Por que é difícil compreender definições?
Matemática

Por que é difícil compreender definições?


Matemáticos conseguem ler textos técnicos de medicina, direito, engenharias, sociologia, economia e outras áreas do saber acadêmico com muito menos dificuldade do que um médico, um advogado, um engenheiro, um sociólogo ou um economista consegue ler um texto técnico de matemática. Um dos motivos disso é que textos de matemática exigem muito mais para a sua compreensão do que um mero dicionário técnico possa ajudar. As linguagens matemáticas não encontram tradução trivial para linguagens naturais como português e inglês. No caso das formulações conjuntistas para teorias matemáticas (que, por sinal, são as mais usuais), é seguro dizer que nada do que se diz em tais teorias tem significado correspondente no mundo real, aquele dos fenômenos mensuráveis e perceptíveis direta ou indiretamente pelos nossos sentidos físicos. 


Isso por si só já justifica a dificuldade humana para compreender definições em matemática. Mas nesta postagem quero me aprofundar em um aspecto sobre definições matemáticas bem mais singelo e perturbador. O fato é que matemáticos em geral não têm certeza sobre muito do que discutem em suas atividades profissionais, sejam de ensino, aplicações ou pesquisa. E essa incerteza não é necessariamente fruto de incompetência; pode ser consequência de características inerentemente matemáticas.

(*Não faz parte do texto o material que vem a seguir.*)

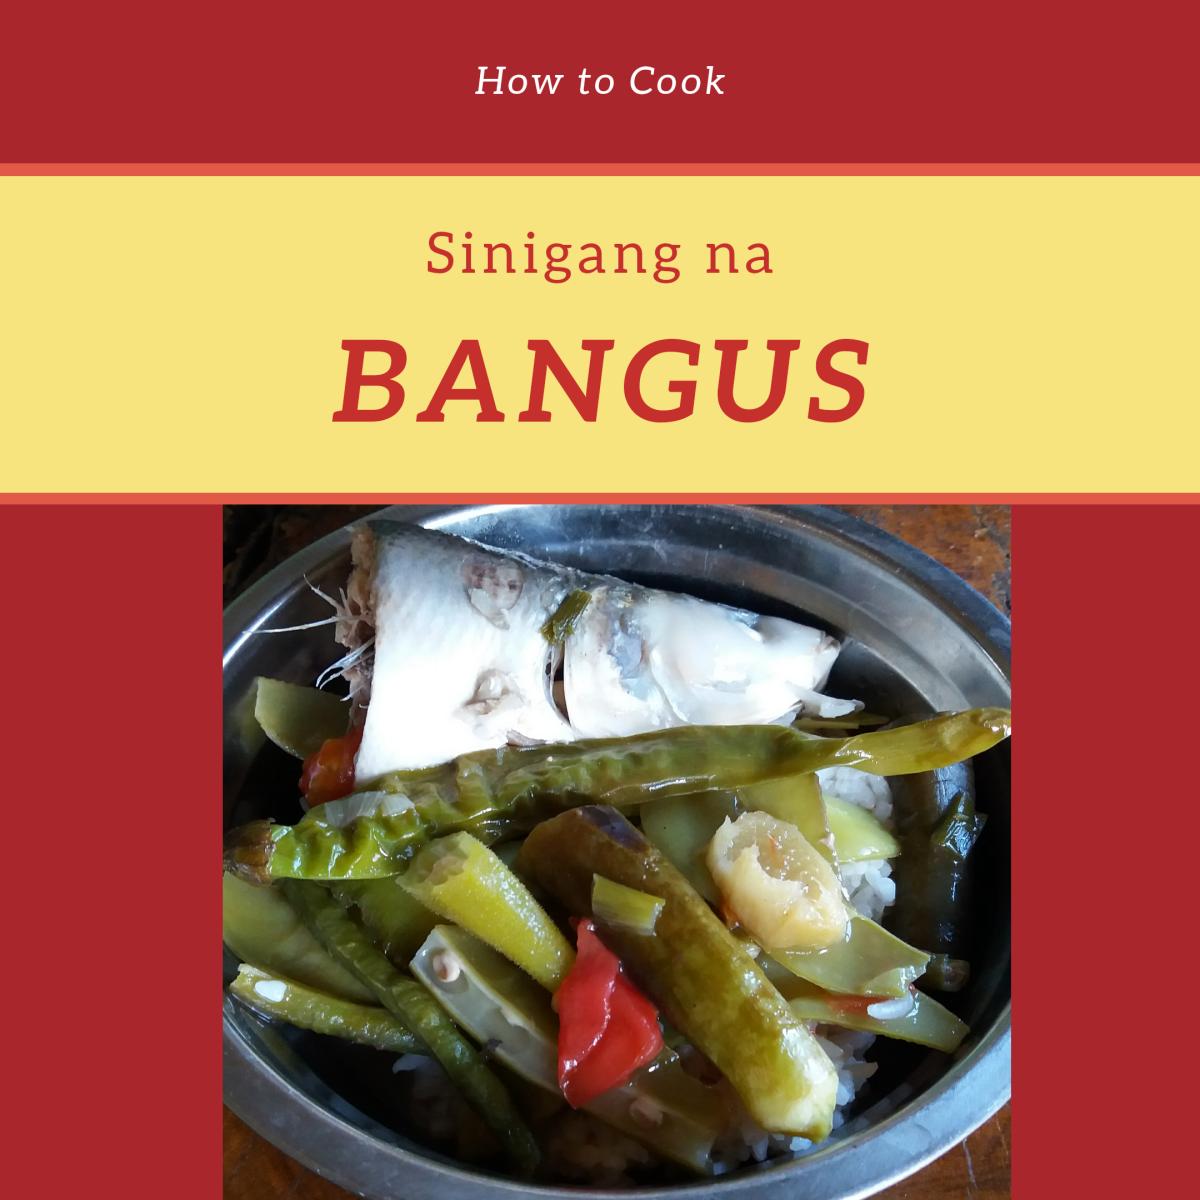 How to Cook Sinigang na Bangus: A Filipino-Inspired Dish

As linguagens criadas pelo ser humano podem ser divididas em duas categorias, no que se refere a propósitos e natureza: formais e naturais. As linguagens naturais são aquelas que todos usamos em nossas interações sociais do dia-a-dia, e que carecem de uma definição precisa, como português, inglês, alemão, italiano, entre outras. Todas as linguagens naturais contam com três dimensões fundamentais: sintática, semântica e pragmática. A dimensão sintática se refere às regras gramaticais; a semântica se ocupa do significado de termos empregados nas linguagens naturais (tudo o que se diz deve ter um significado); e a dimensão pragmática se refere ao estudo da linguagem em uso (entre indivíduos comunicantes).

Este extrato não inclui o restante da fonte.